Abstract: We present FireRedASR2S, a state-of-the-art industrial-grade all-in-one automatic speech recognition (ASR) system. It integrates four modules in a unified pipeline: ASR, Voice Activity Detection (VAD), Spoken Language Identification (LID), and Punctuation Prediction (Punc). All modules achieve SOTA performance on the evaluated benchmarks: FireRedASR2: An ASR module with two variants, FireRedASR2-LLM (8B+ parameters) and FireRedASR2-AED (1B+ parameters), supporting speech and singing transcription for Mandarin, Chinese dialects and accents, English, and code-switching. Compared to FireRedASR, FireRedASR2 delivers improved recognition accuracy and broader dialect and accent coverage. FireRedASR2-LLM achieves 2.89% average CER on 4 public Mandarin benchmarks and 11.55% on 19 public Chinese dialects and accents benchmarks, outperforming competitive baselines including Doubao-ASR, Qwen3-ASR, and Fun-ASR. FireRedVAD: An ultra-lightweight module (0.6M parameters) based on the Deep Feedforward Sequential Memory Network (DFSMN), supporting streaming VAD, non-streaming VAD, and multi-label VAD (mVAD). On the FLEURS-VAD-102 benchmark, it achieves 97.57% frame-level F1 and 99.60% AUC-ROC, outperforming Silero-VAD, TEN-VAD, FunASR-VAD, and WebRTC-VAD. FireRedLID: An Encoder-Decoder LID module supporting 100+ languages and 20+ Chinese dialects and accents. On FLEURS (82 languages), it achieves 97.18% utterance-level accuracy, outperforming Whisper and SpeechBrain. FireRedPunc: A BERT-style punctuation prediction module for Chinese and English. On multi-domain benchmarks, it achieves 78.90% average F1, outperforming FunASR-Punc (62.77%). To advance research in speech processing, we release model weights and code at https://github.com/FireRedTeam/FireRedASR2S.
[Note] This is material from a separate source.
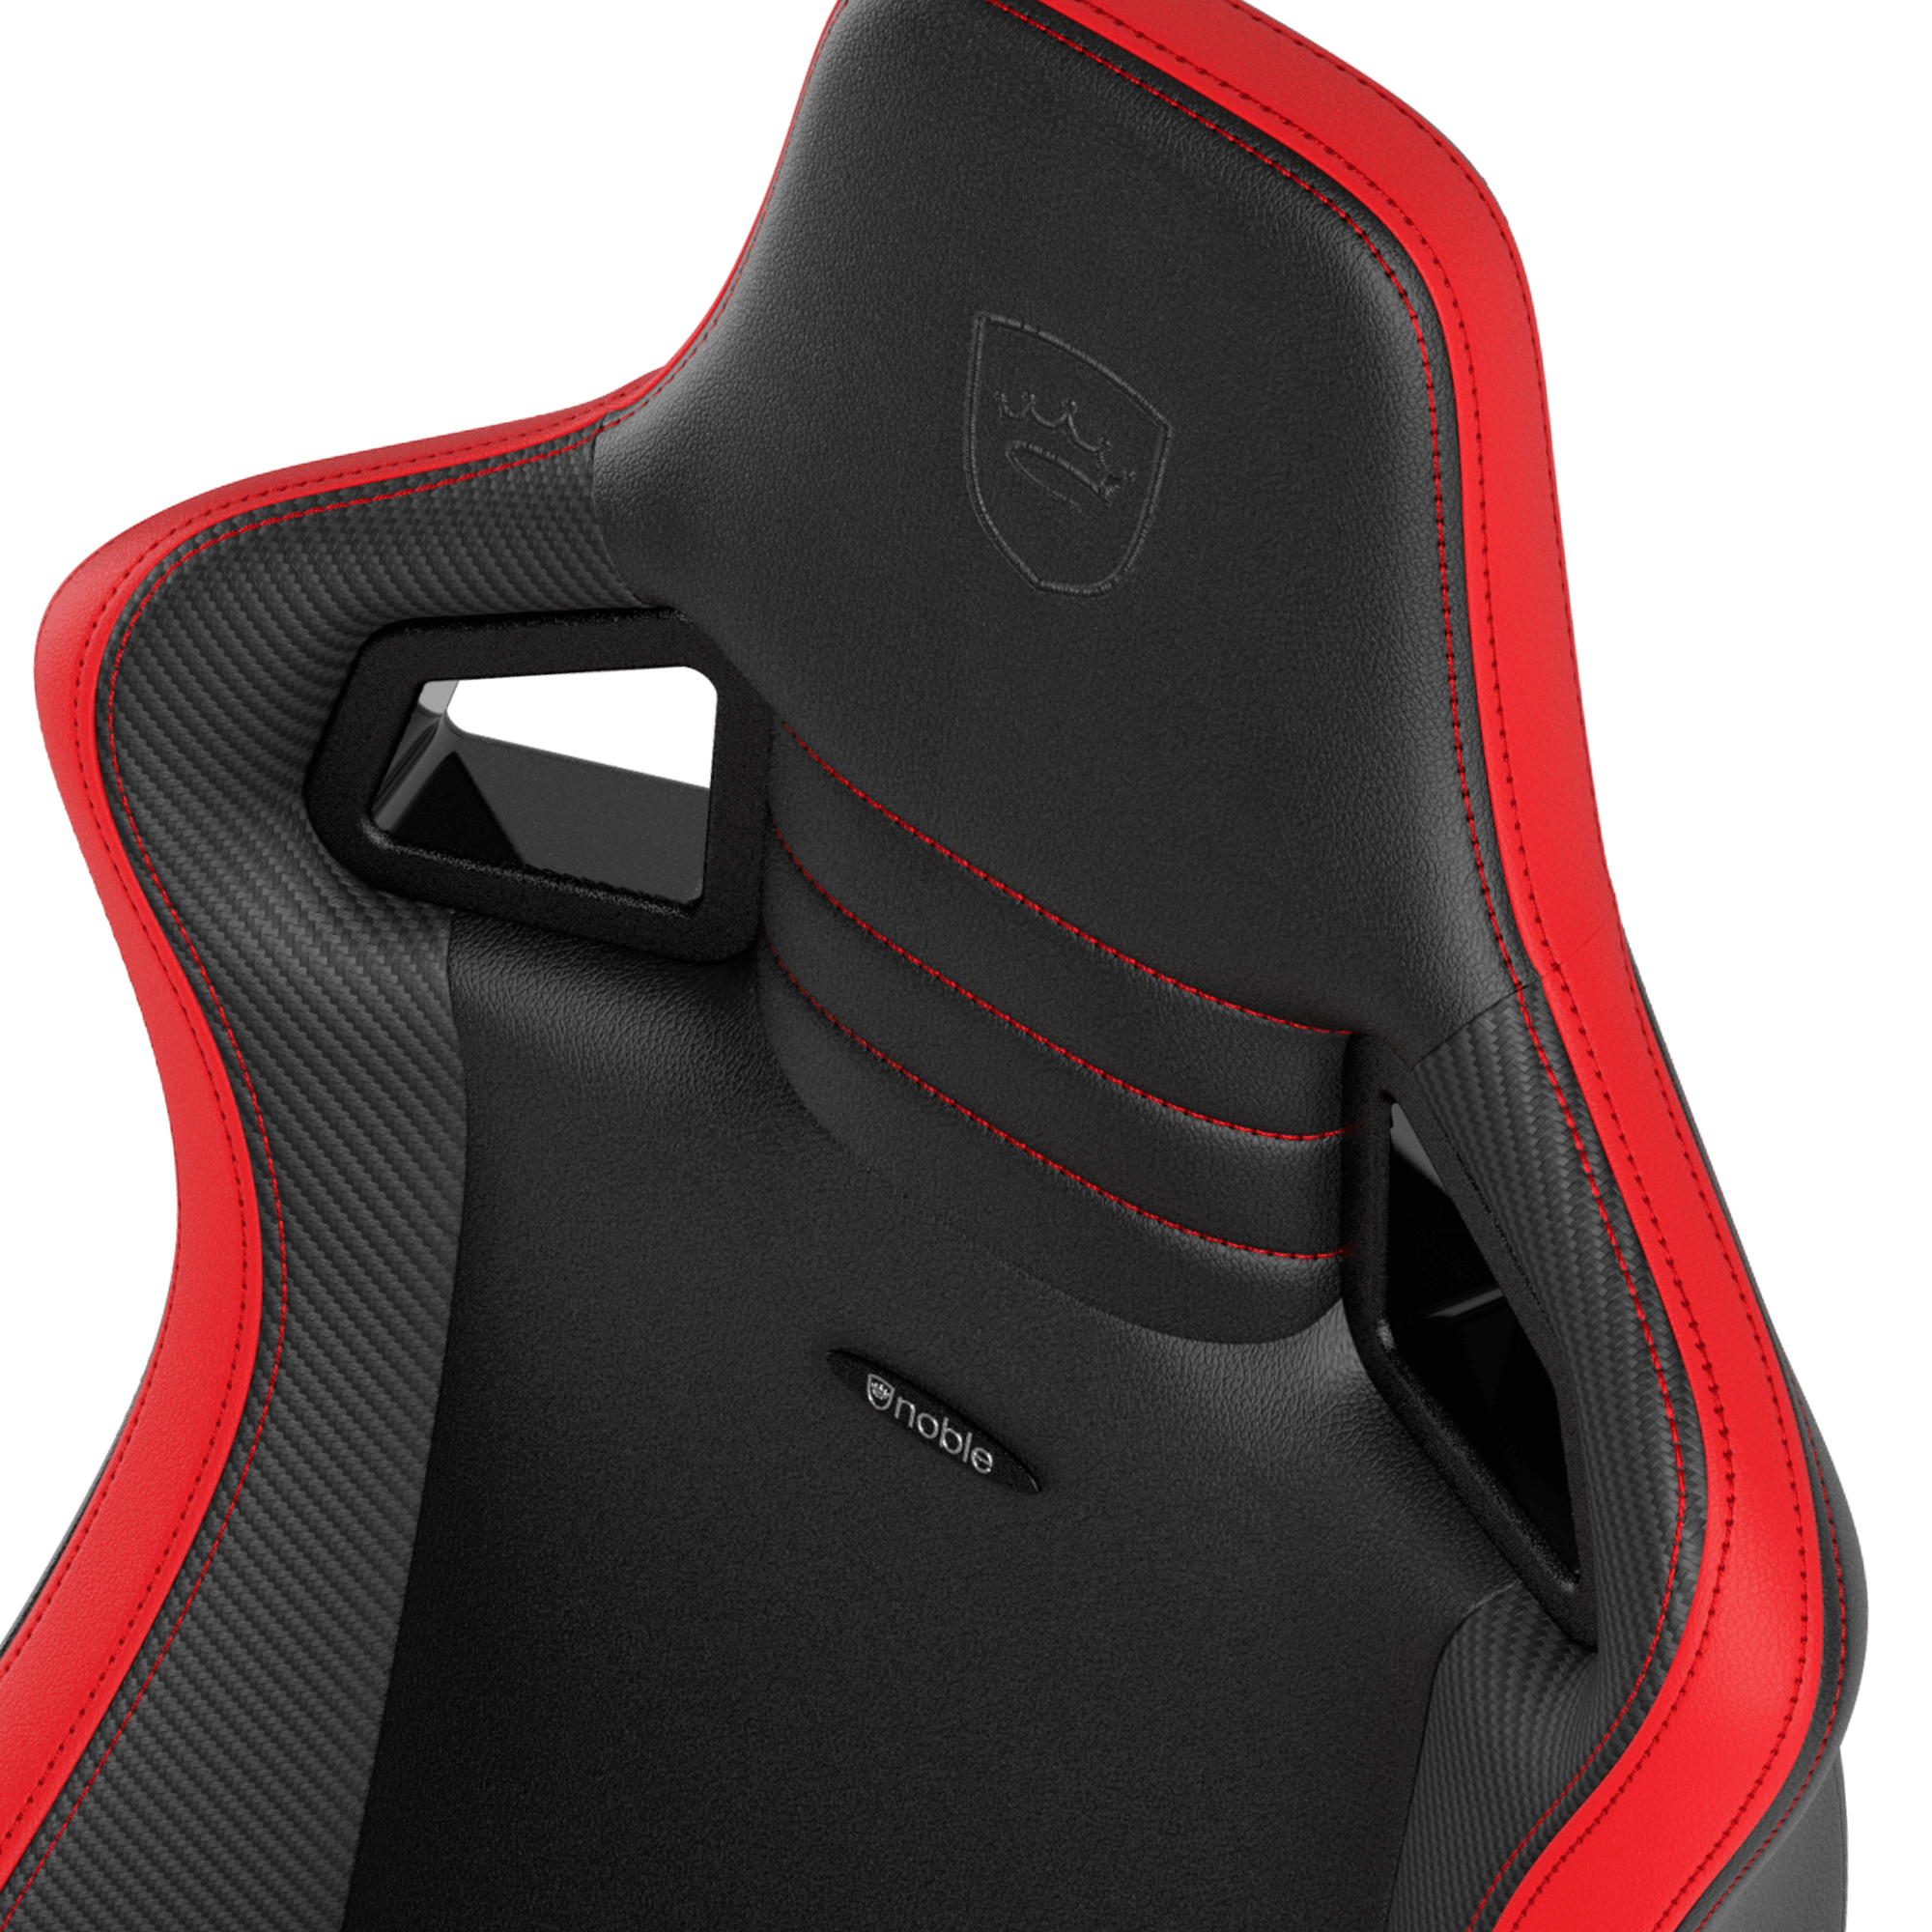 EPIC Compact Zwart/Carbon/Rood

• The paper introduces a modular, unified ASR pipeline integrating VAD, LID, ASR, and punctuation modules for robust, real-world speech recognition.
• The approach leverages expanded training data (from 70k to ~200k hours) and advanced tokenization within Conformer-based architectures to enhance transcription and timestamp accuracy.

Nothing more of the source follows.